**Entries shown**
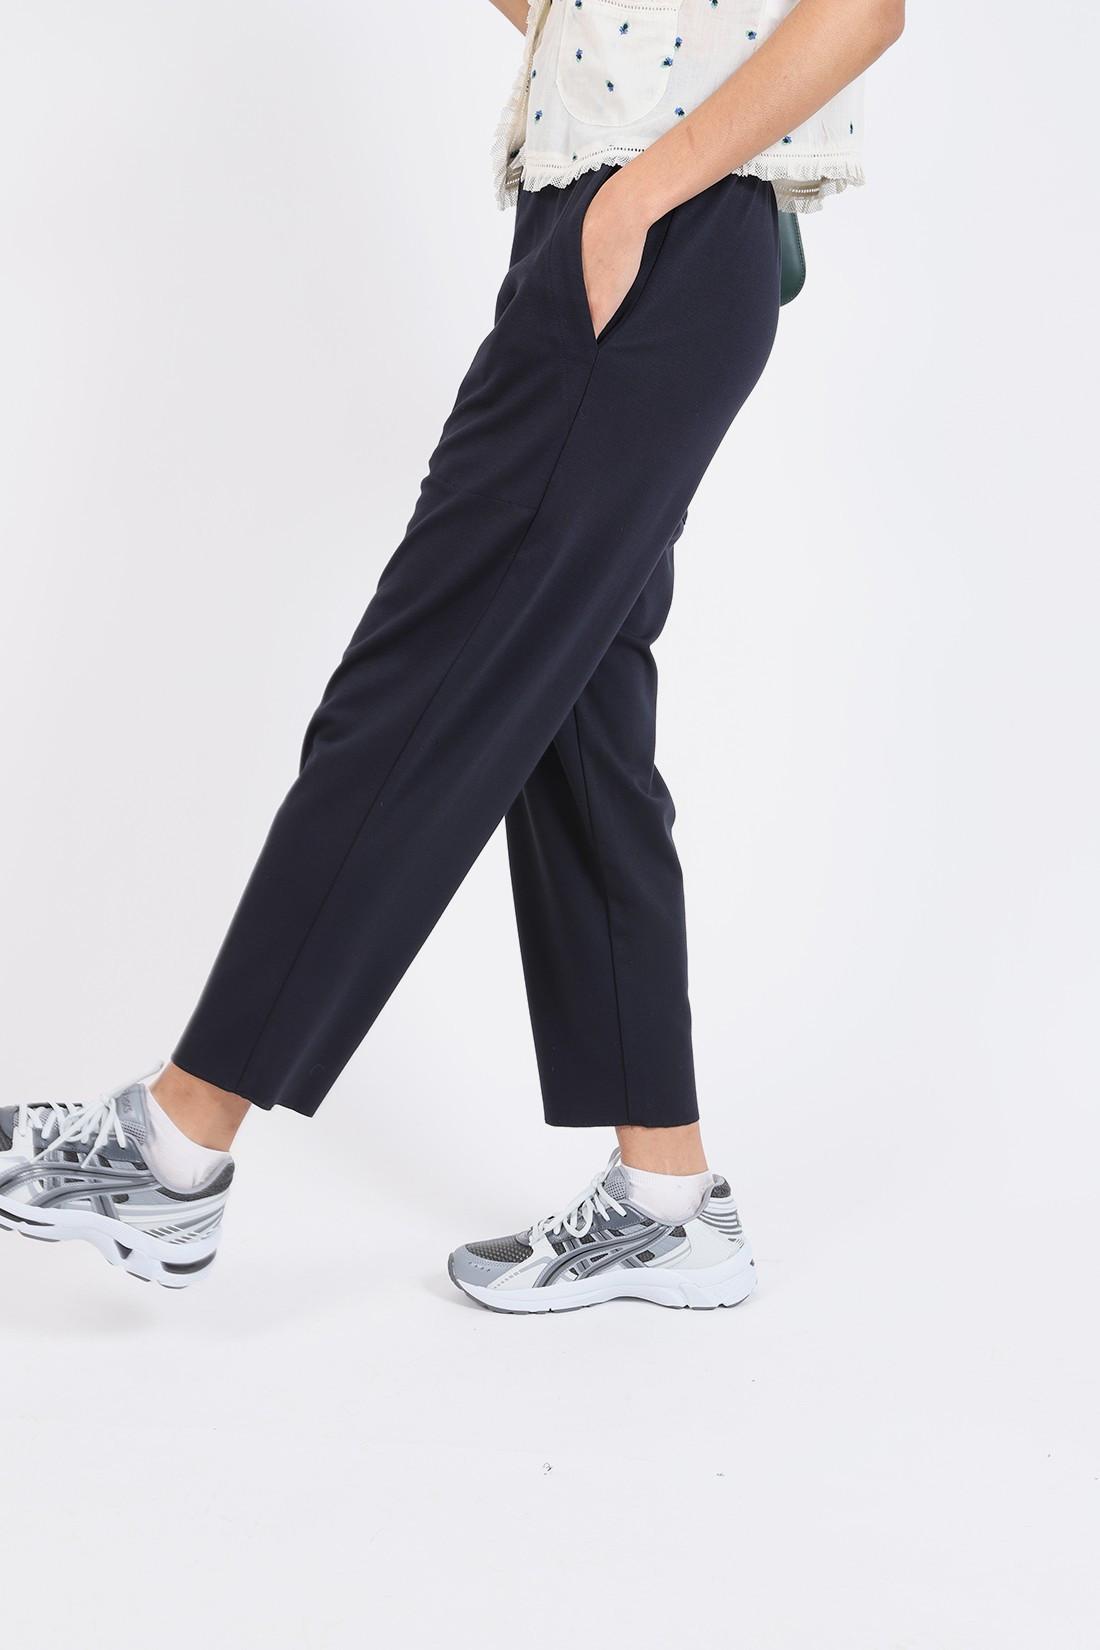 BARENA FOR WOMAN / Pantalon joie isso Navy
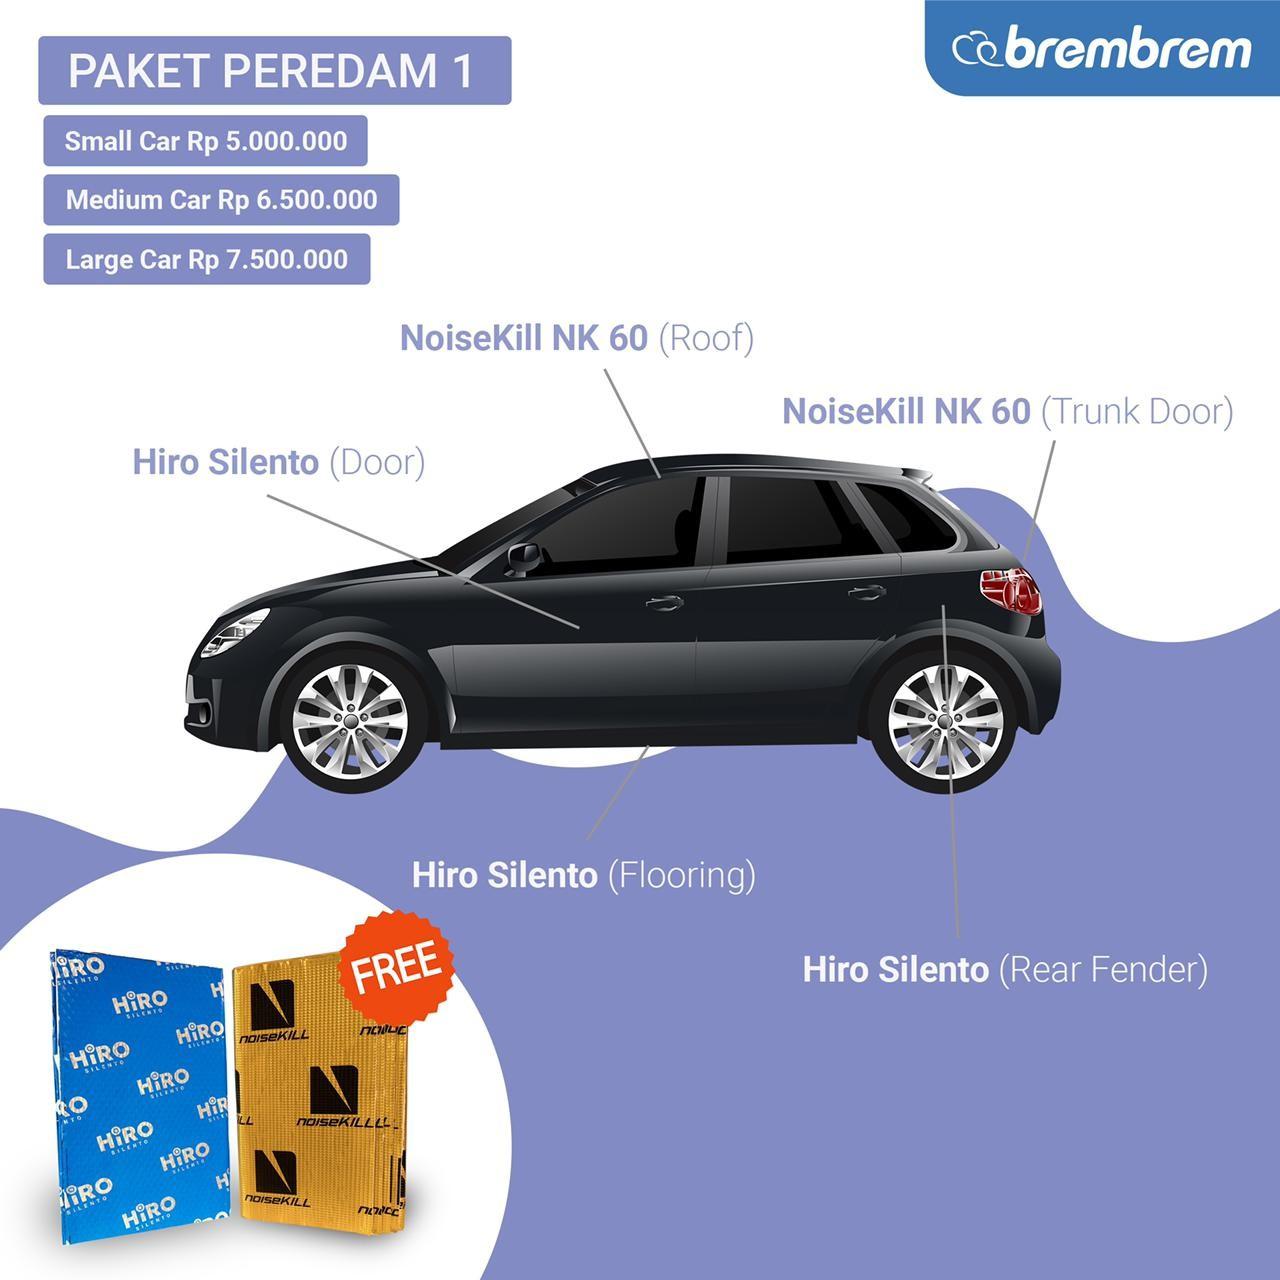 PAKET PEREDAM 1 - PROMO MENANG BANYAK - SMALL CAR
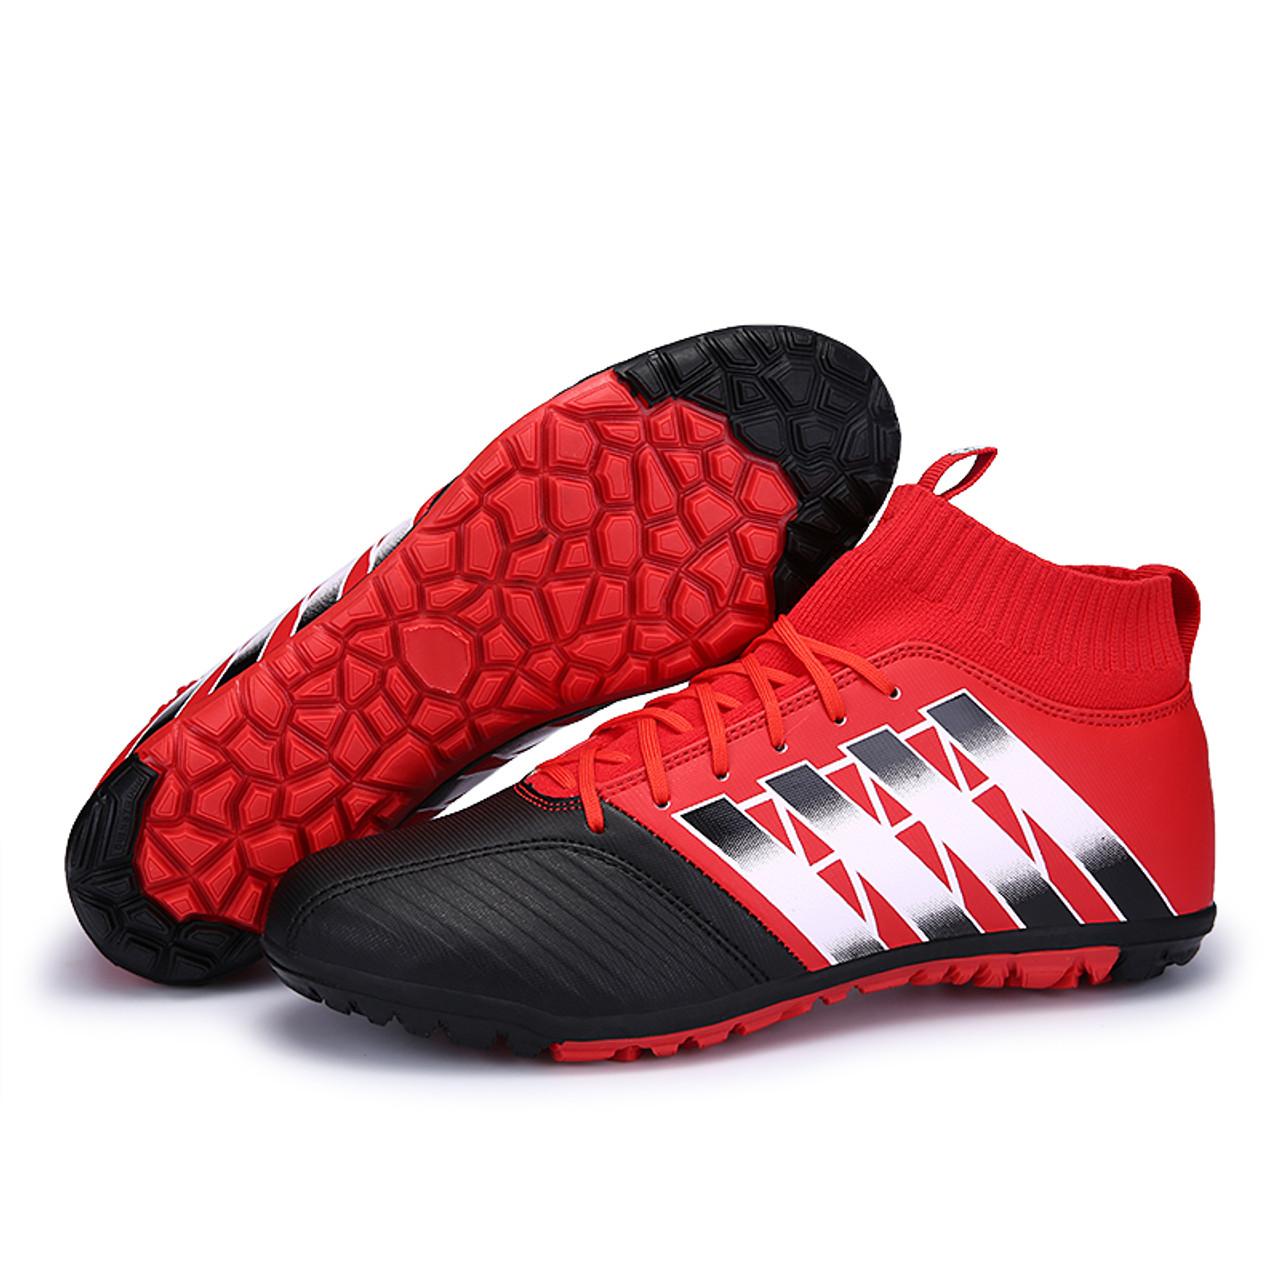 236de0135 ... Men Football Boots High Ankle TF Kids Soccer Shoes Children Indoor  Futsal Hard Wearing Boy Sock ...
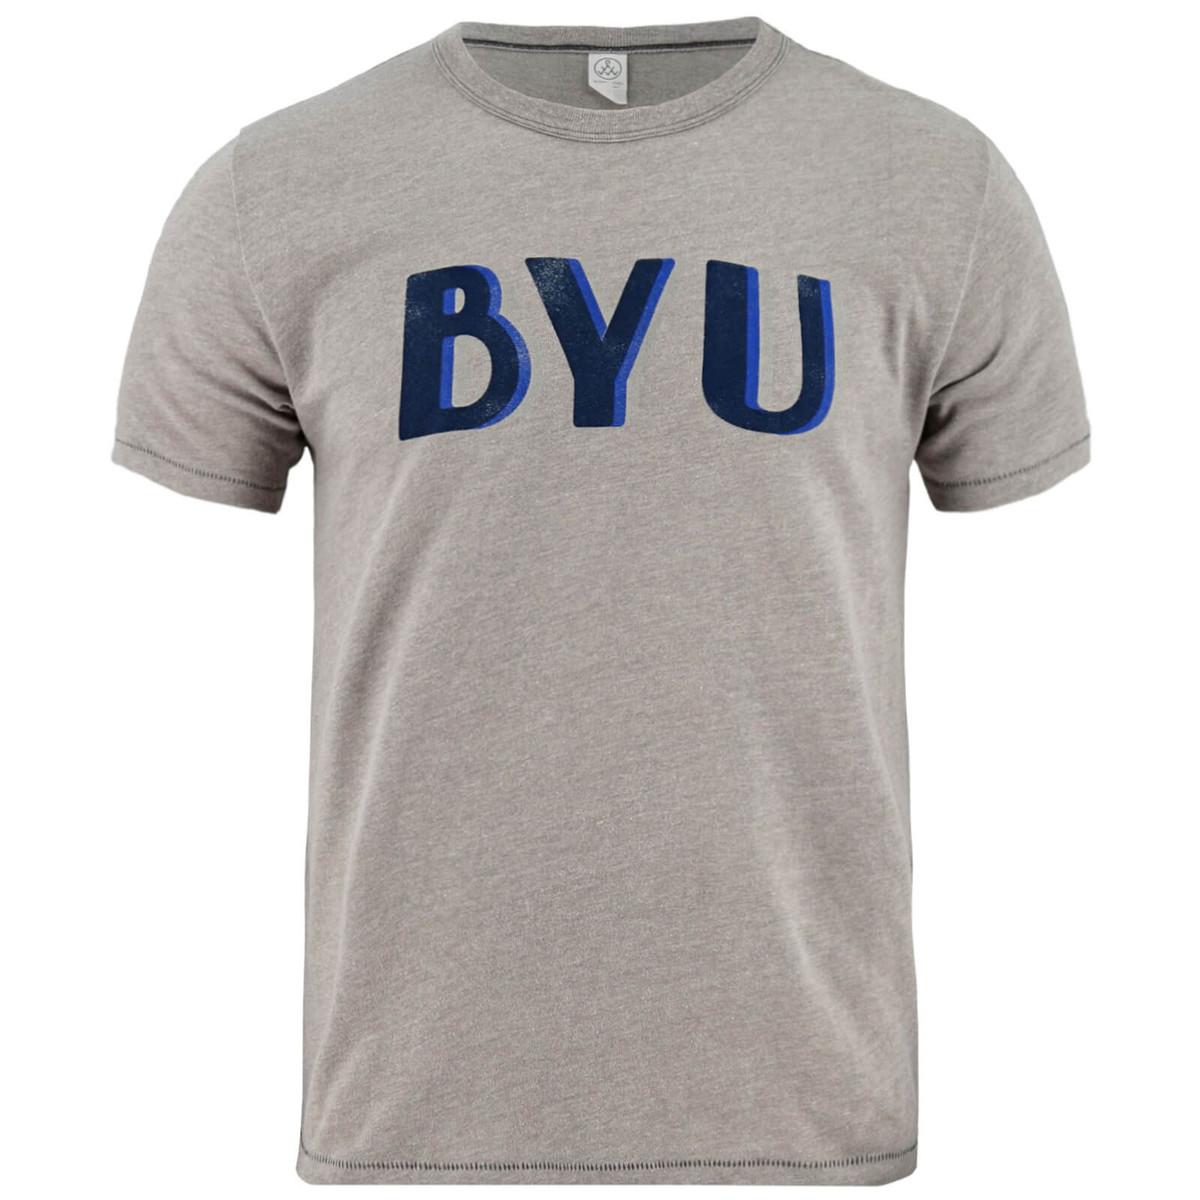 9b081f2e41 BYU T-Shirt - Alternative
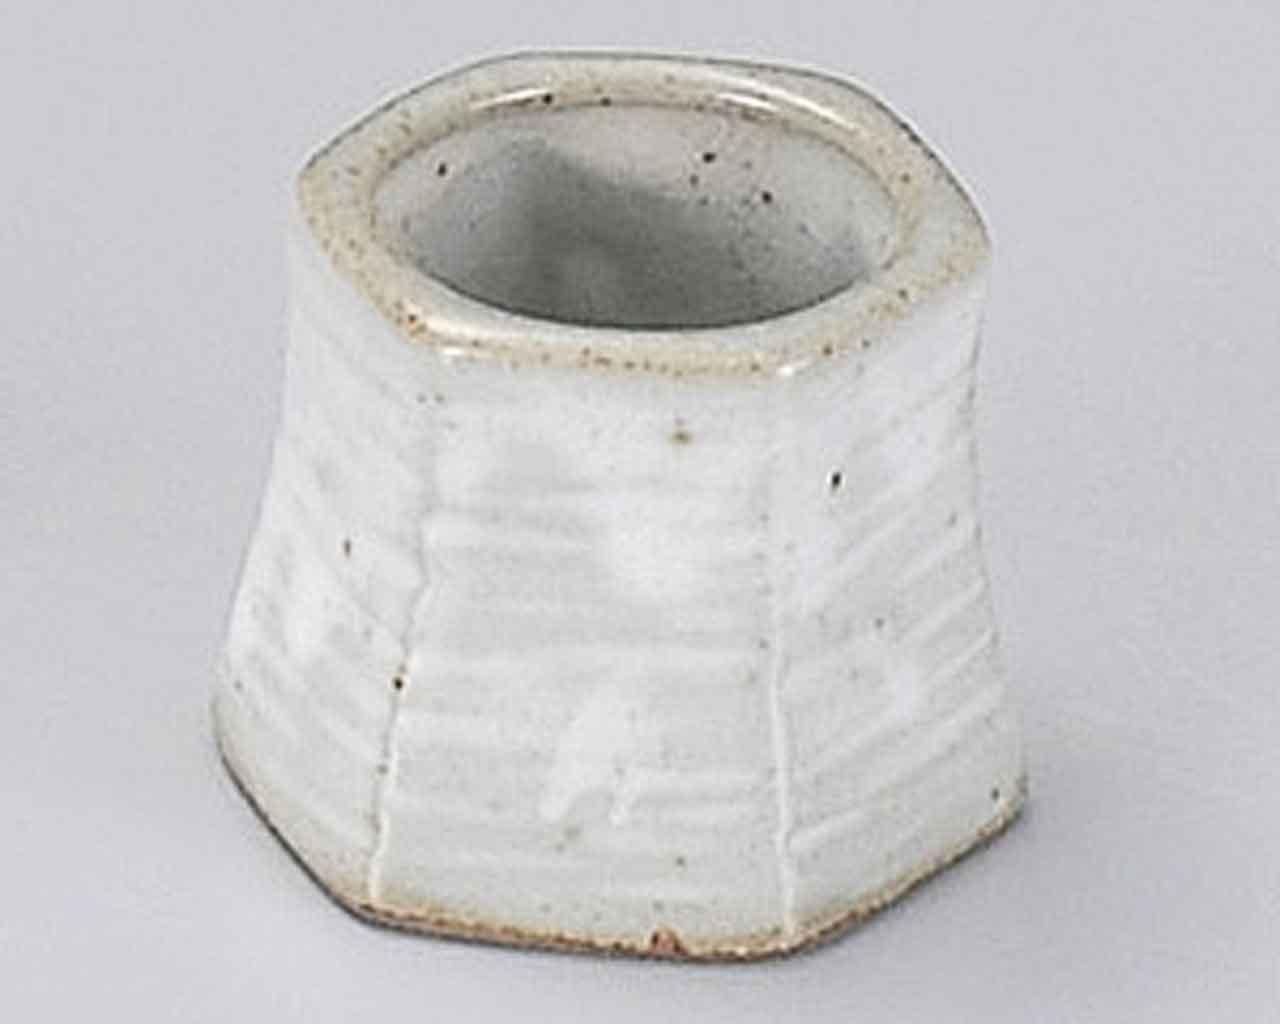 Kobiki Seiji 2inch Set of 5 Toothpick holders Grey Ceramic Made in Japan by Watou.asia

**Assignment**
Reproduce the full listing above verbatim, with no pictures included.

**Exercise response**
 BARENA FOR WOMAN / Pantalon joie isso Navy
 PAKET PEREDAM 1 - PROMO MENANG BANYAK - SMALL CAR
 236de0135 ... Men Football Boots High Ankle TF Kids Soccer Shoes Children Indoor  Futsal Hard Wearing Boy Sock ...
 9b081f2e41 BYU T-Shirt - Alternative
 Kobiki Seiji 2inch Set of 5 Toothpick holders Grey Ceramic Made in Japan by Watou.asia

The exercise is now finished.